После этого дом его будто осиротел. Замолк. Прежде оттуда то запах пирогов тянулся, то смех Любушкин тихий доносился, а теперь – тишина, глухая, мертвая. Я по долгу своему фельдшерскому захаживала к нему – то давление померить, то просто проведать. А он дверь откроет, посмотрит своими выцветшими глазами, впустит молча. Сядет на табуретку, рукав закатает. «Ну что, Семеновна, сколько там натикало?» – спросит хрипло, а сам в сторону смотрит.
В доме стало неуютно. Пыль серебрилась на старом комоде, герань на окне, любимица Любушкина, начала сохнуть, листочки свои повесила. А на стареньком кресле, где она вечерами вязала, свернувшись клубком, спала рыжая кошка Мурка. Единственное живое существо в этом застывшем царстве.
Поначалу Афанасий Петрович ее будто и не замечал. Споткнется об нее в сенях – пробурчит что-то себе под нос. Нальет в миску молока, что соседка принесла, и снова в свою скорлупу уйдет. А Мурка, она ведь тоже хозяйку потеряла. Ходила по дому, искала ее, заглядывала во все углы, жалобно мяукала. Потом примется тереться о шершавые штаны Петровича, а он ее от себя легонько так отпихнет, будто боится этого прикосновения, этой ласки, что ему теперь не от Любушки досталась.
Я как-то пришла, села напротив него. Он сидит, в окно смотрит, а там – осень серая, дождь моросит.
- Тяжело тебе, Петрович, - говорю тихонько. - Ты бы хоть с Муркой поговорил. Она ведь тоже тоскует.
Он на меня глянул, будто я ему про Луну с неба предложила рассказать.
- Что с ней говорить? Кошка она и есть кошка.

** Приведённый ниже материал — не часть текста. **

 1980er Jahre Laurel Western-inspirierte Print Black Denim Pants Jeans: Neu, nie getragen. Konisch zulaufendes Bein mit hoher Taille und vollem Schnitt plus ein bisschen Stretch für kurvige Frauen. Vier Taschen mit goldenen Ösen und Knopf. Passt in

И отвернулся. А я видела, как желваки у него заходили под небритой щекой. Не кошку он гнал, нет. Он гнал от себя любое напоминание о былом счастье, потому что оно резало по живому, как ножом по сердцу. Мурка эта рыжая, она же вся была – Любушкина. Она ее с улицы котенком принесла, отмыла, выходила. «Смотри, Афоня, - говорила она, смеясь, - солнышко я нам в дом принесла». И вот это «солнышко» теперь ходило по дому и слепило ему глаза болью.

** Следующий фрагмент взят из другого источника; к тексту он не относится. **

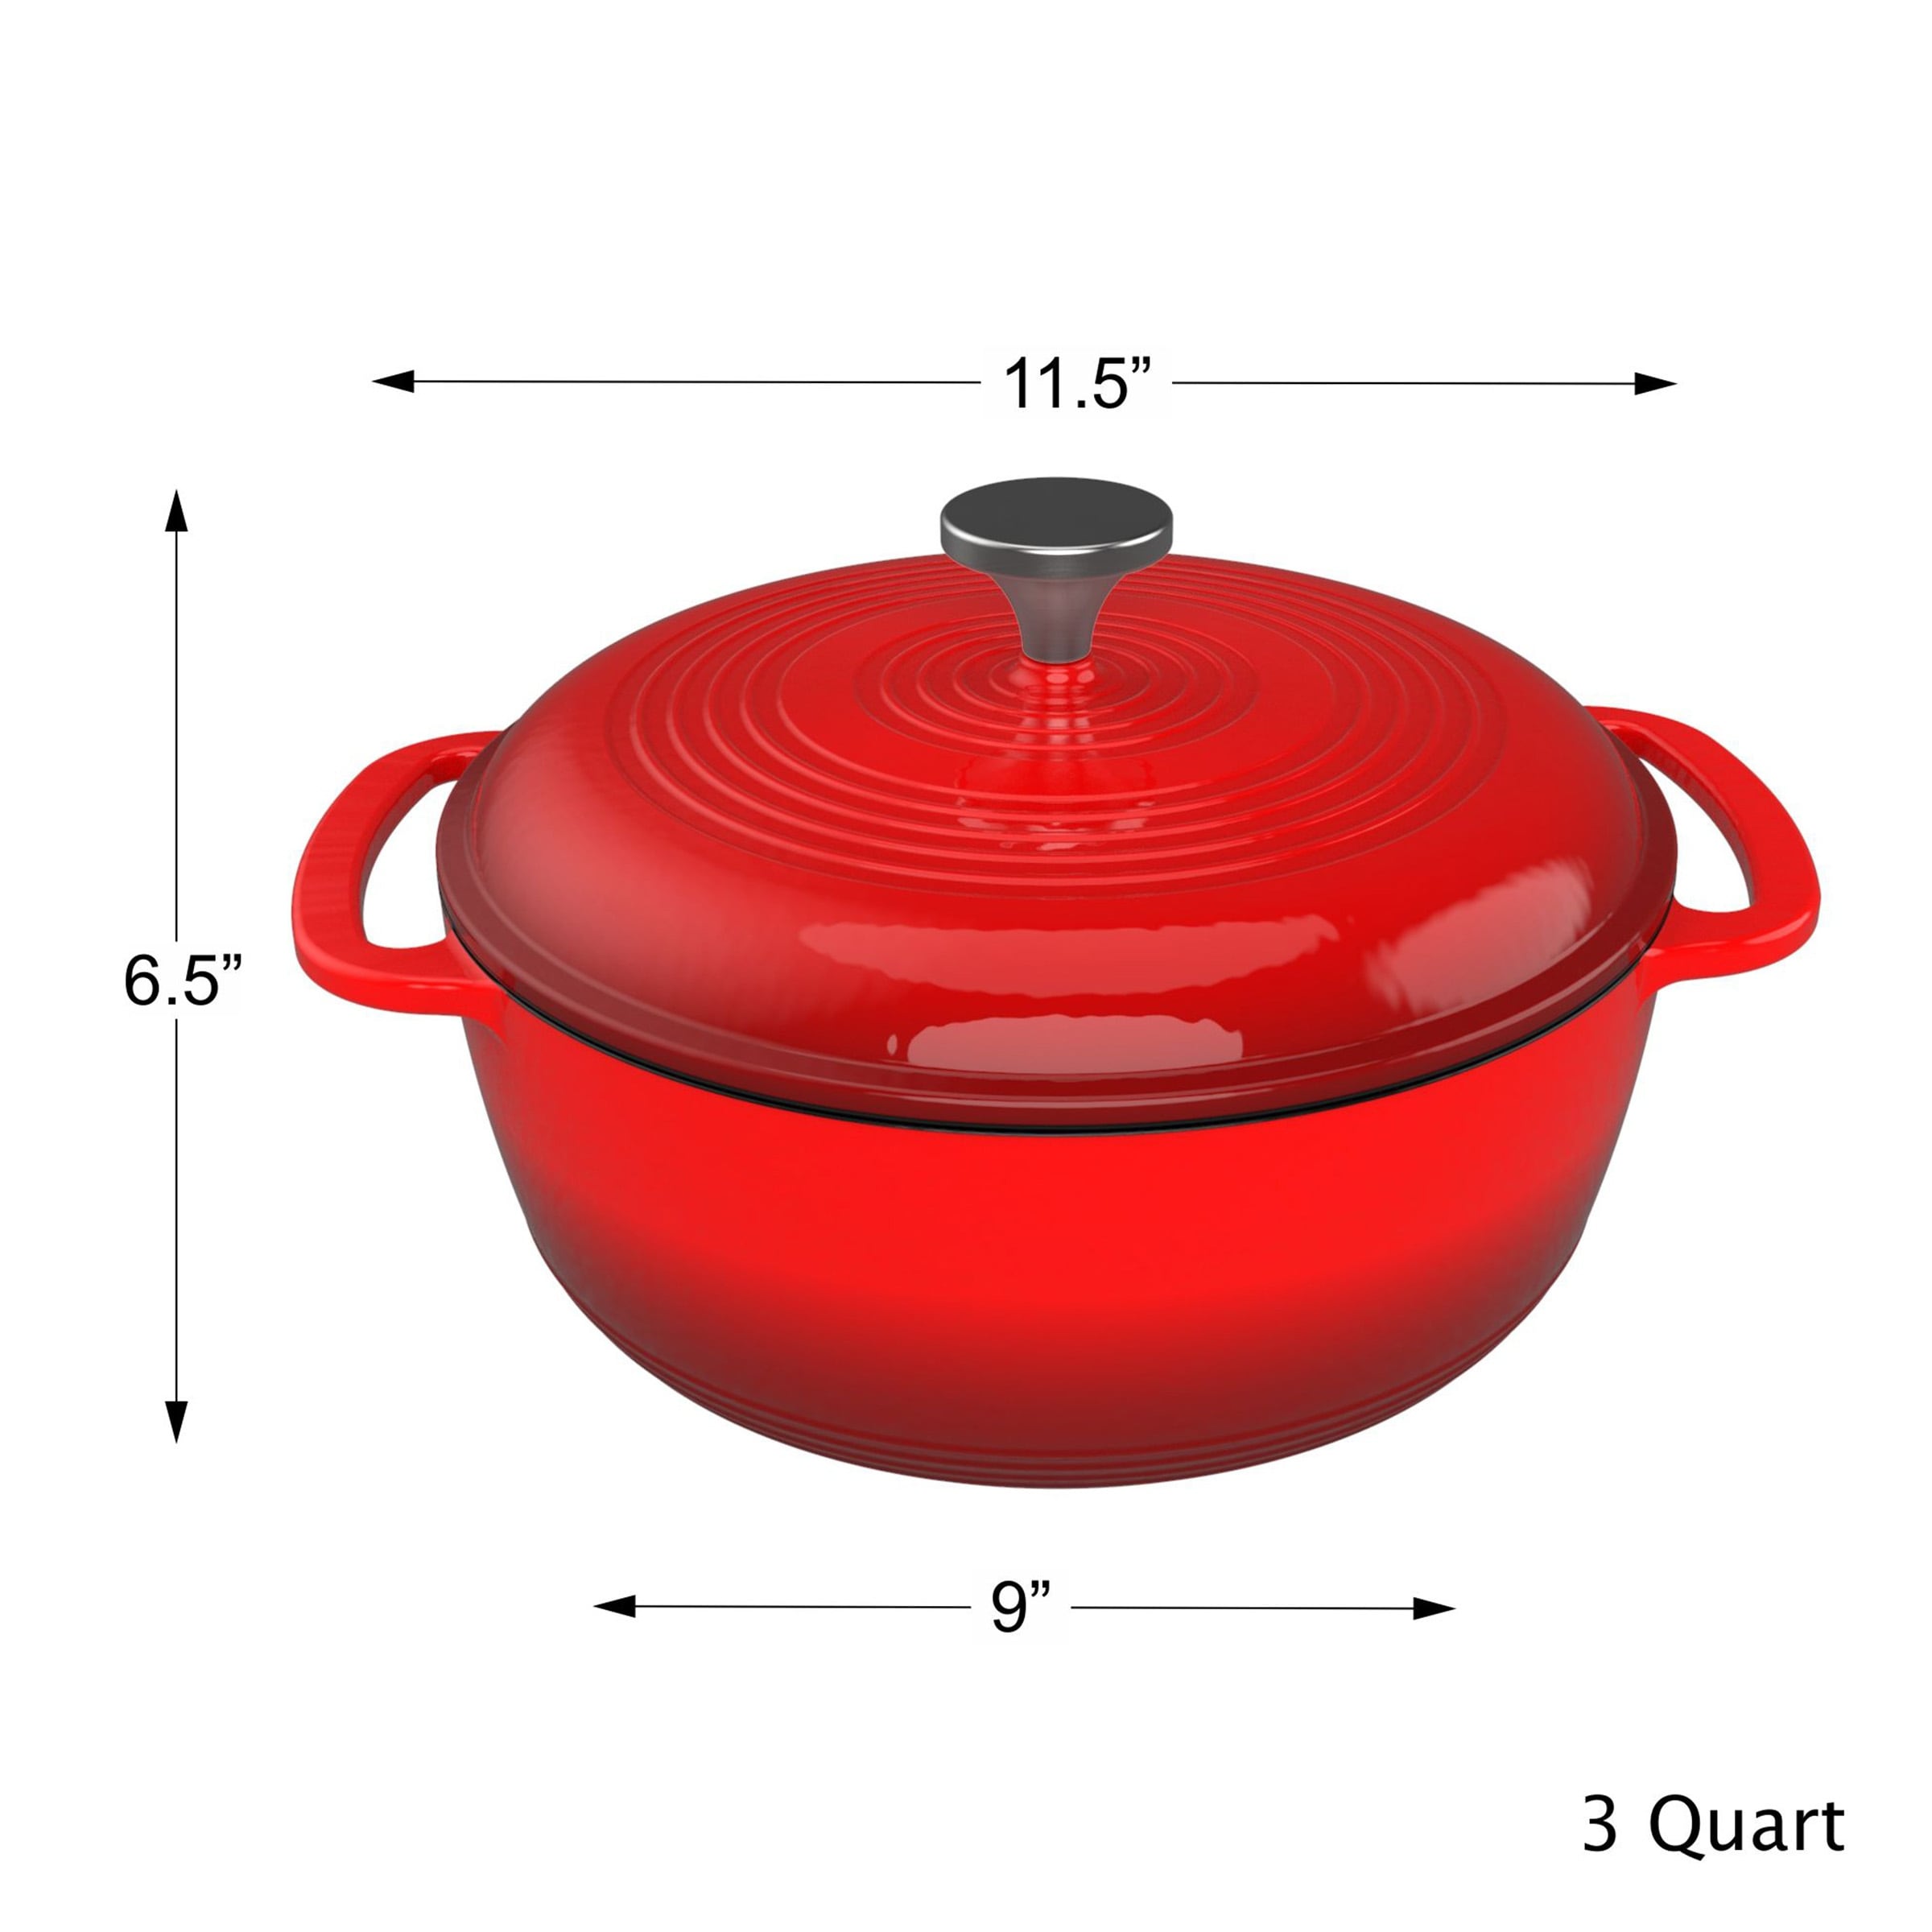 Potted Pans Enamel Cast Iron Dutch Oven - Ceramic 6 qt Dutch Oven Pot with Lid

Однажды прихожу, а в доме тишина еще страшнее обычного. И миска у Мурки пустая и сухая.
- Петрович, а где кошка-то? – спрашиваю, а у самой душа не на месте.
- А я почем знаю? – буркнул он. – Ушла, видать. Гуляет.

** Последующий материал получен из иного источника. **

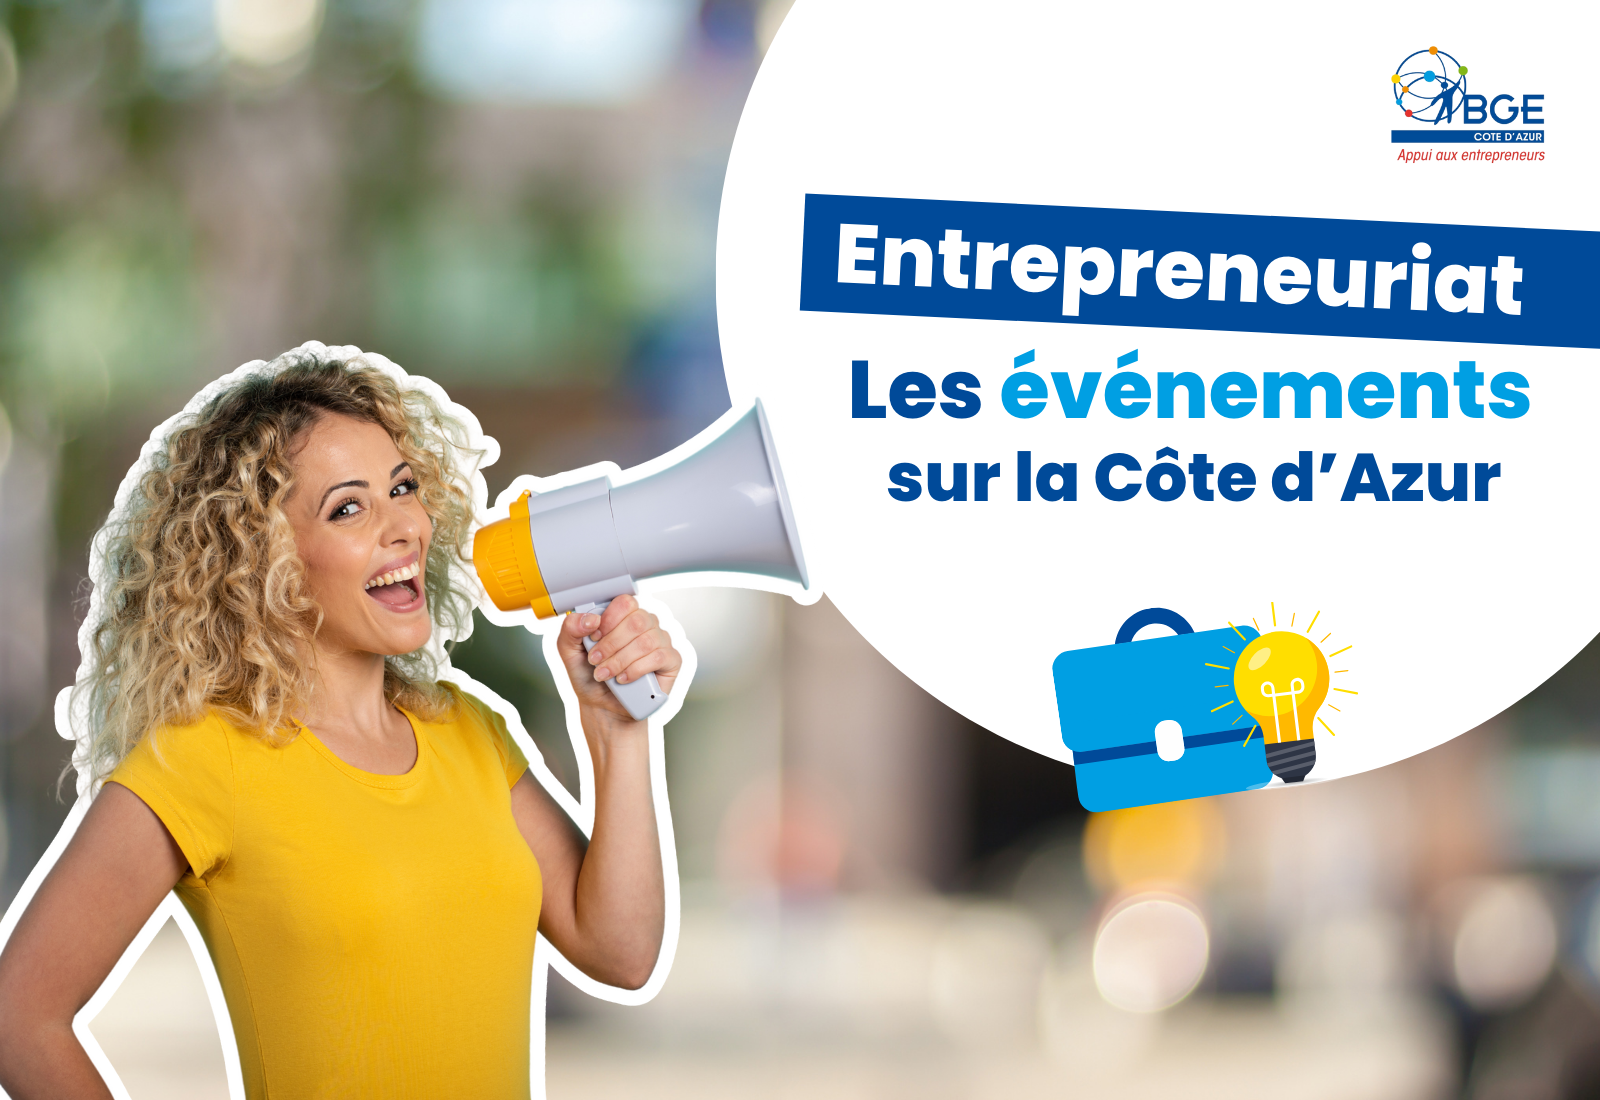 Evénements pour les entrepreneurs sur la Côte d'Azur

Но я-то видела, как он беспокойно по сторонам зыркает, как к двери прислушивается. Весь день Мурки не было. И на следующий тоже. Афанасий Петрович стал еще чернее тучи. Ходит по избе из угла в угол, как медведь в клетке. К вечеру второго дня не выдержал, вышел на крыльцо. Смотрел, смотрел в темнеющие сумерки, где уже зажигались первые звезды.
- Мурка! – вдруг позвал он. Негромко, сдавленно. – Мурка-а!
И тишина в ответ. Только сверчок где-то за печкой завел свою скрипучую песню.
Я уж домой собралась, как вдруг слышу – скрипнула калитка у Петровича. Гляжу в окно, а он идет по тропинке, несет что-то на руках. Батюшки, да это же Мурка! Он зашел в дом, и я, недолго думая, следом. Любопытство, знаете ли, не порок, а профессиональная черта фельдшера.
Захожу, а он сидит на том самом Любушкином кресле и осторожно осматривает кошкину лапу. А Мурка лежит у него на коленях, рыжим комком свернулась и не мяукает даже, только смотрит на него своими зелеными глазищами.
- Что стряслось-то? – подхожу ближе.
- Да вот, - кивает он на кошку, а голос дрожит. - Нашел за сараями. Видать, с соседским котом подралась. Лапу вон, поранила, хромает.
Я принесла из медпункта свой чемоданчик, обработала ранку. Обычная царапина, ничего страшного. А Петрович сидел рядом и смотрел на это все так, будто мы операцию на открытом сердце проводим. И рука его, большая, мозолистая, нет-нет да и опускалась на рыжую шерстку, гладила неумело, жестко.
Когда я уходила, он провожал меня до двери.
- Спасибо, Семеновна, - сказал он тихо. И это было первое «спасибо» за последние месяцы.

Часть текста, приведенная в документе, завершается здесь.